7. Juicio del resultado

Hay dos métodos para juzgar los resultados; primer es el juicio áspero, mientras que el segundo es la determinación cuantitativa. Nota que el valor del OD de la muestra tiene una correlación negativa con el contenido de Enrofloxacin en la muestra.

7,1 determinación cualitativa

La gama de concentración (ng/mL) obtuvo de la comparación el valor medio del OD de la muestra con el de la solución estándar. Si se asume que el valor del OD de la muestraⅠ es 0,238, y el del Ⅱ de la muestra es 0,946, el valor del OD de soluciones estándar es: 1,845 para 0 ppb, 1,542 para 1 ppb, 1,130 para el ppb 3, 0,635 para el ppb 9, 0,326 para el ppb 27, 0,156 para el ppb 81, la gama de concentración del Ⅰ de la muestra es por consiguiente el ppb 27 a 81, y el del Ⅱ de la muestra es el ppb 3 a 9. (multiplicado por el doblez correspondiente del dilución)

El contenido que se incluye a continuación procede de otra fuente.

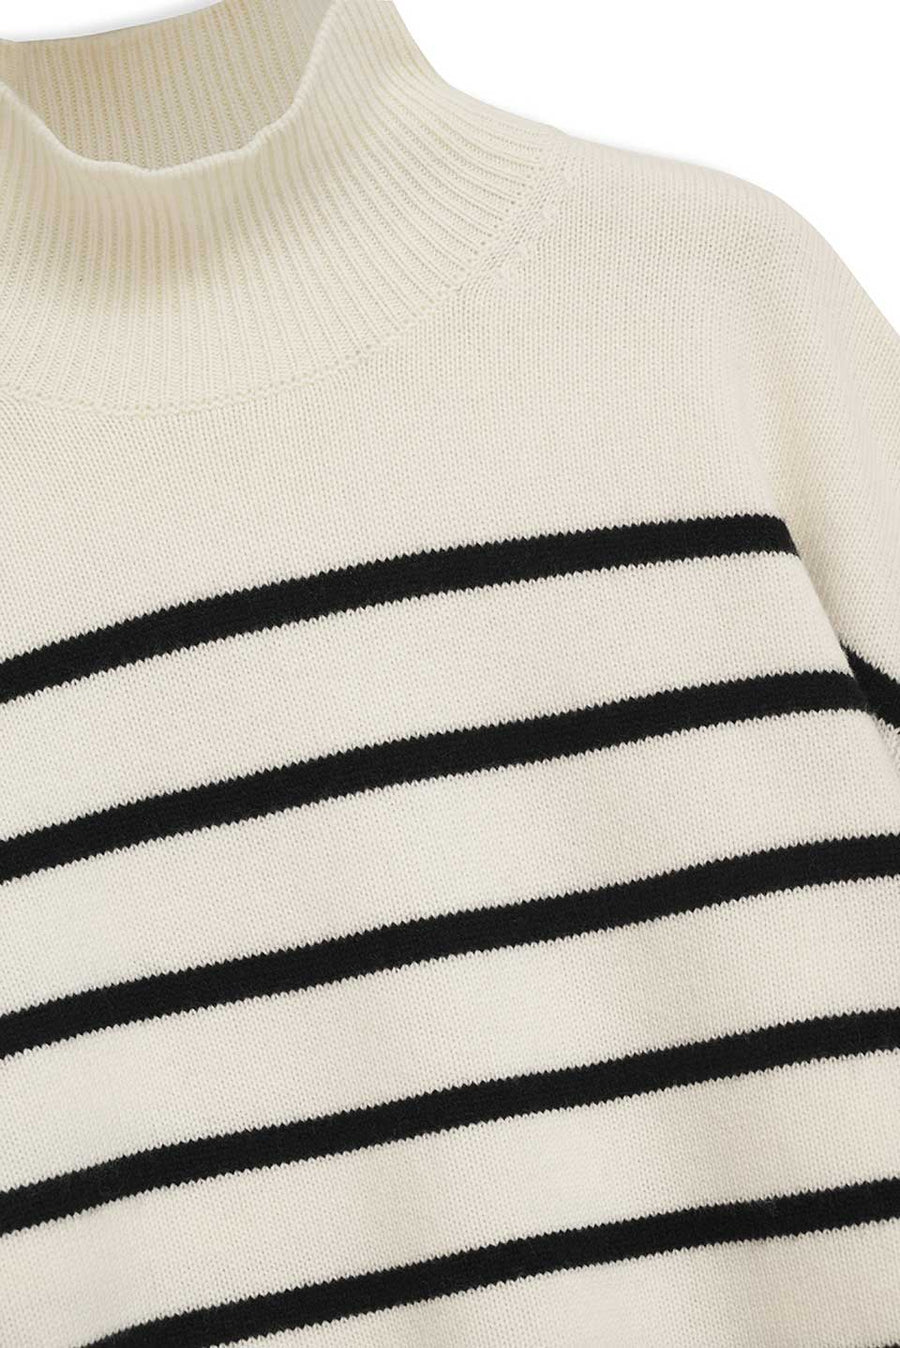 anine bing courtney sweater white front

7,2 determinación cuantitativa

Los valores medios de los valores de la absorción son equivalentes al porcentaje del valor medio del OD (b) de la muestra y de la solución estándar divididas por el valor del OD (B₀) de la primera solución estándar (0 estándares) y multiplicadas posteriormente antes de 100%, es decir,

Valor del OD de la media de B-the (pozos dobles) de la muestra o de la solución estándar

B₀ — el valor medio del OD de la solución estándar 0ng/mL

Dibuje la curva estándar con los porcentajes de la absorción de las soluciones estándar y los valores del semilogarithm de las soluciones estándar de Enrofloxacin (ng/mL) como la y y X-AXIS, respectivamente. Lea la concentración correspondiente de la muestra de la curva estándar incorporando su porcentaje de la absorción en la curva estándar. El valor resultante es multiplicado posteriormente por el doblez correspondiente del dilución, finalmente obteniendo la concentración de Enrofloxacin en la muestra.

Usando analizando el software profesional de este equipo será más conveniente para el análisis exacto y rápido de una gran cantidad de muestras. (Éntrenos en contacto con por favor para este software)

8. Precauciones

• La temperatura ambiente debajo del ℃ 25 o la temperatura de los reactivo y de las muestras que no son vueltos a la temperatura ambiente (℃ 20-25) llevará a un valor estándar más bajo del OD.
• La sequedad del microplate en el proceso que se lava será acompañada por las situaciones incluyendo las curvas estándar no lineales y la reproductibilidad indeseable; Continúe tan al paso siguiente inmediatamente después del lavado.
• Mézclese uniformemente, si no habrá la reproductibilidad indeseable.
• La solución de la parada es la solución ácida sulfúrica de 2 M, evita entrar en contacto con con la piel.
• No utilice el equipo que excede su fecha de vencimiento. El uso de reactivo diluidos o adulterados de los equipos llevará a los cambios en la sensibilidad y los valores de detección del OD. No intercambie los reactivo de los equipos de diversos números de lote para utilizar.
• Ponga el microplate inusitado en un bolso del auto-lacre para resellarlo. La sustancia estándar y el color descolorido anteriores es sensibles a la luz, y no pueden ser expuestos así directamente a la luz.
• Deseche la solución de la coloración con cualquier color que indique la degeneración de esta solución. El valor de detección de las 0 soluciones estándar de menos de 0,5 (A450 nanómetro< 0="">

8. La temperatura óptima de la reacción es el ℃ 25, y las temperaturas demasiado altas o demasiado bajas darán lugar a los cambios en la sensibilidad de detección y valores del OD.

9. Fecha del almacenamiento y de vencimiento

Almacenamiento: tienda en el ℃ 2-8, no congelado.

Fecha de vencimiento: 1 año; la fecha de la producción está en la caja.

Nota: Si el envasado al vacío del microplate tiene salida, es todavía válido utilizar, no afecta al resultado de la prueba, sea relajarse para utilizar.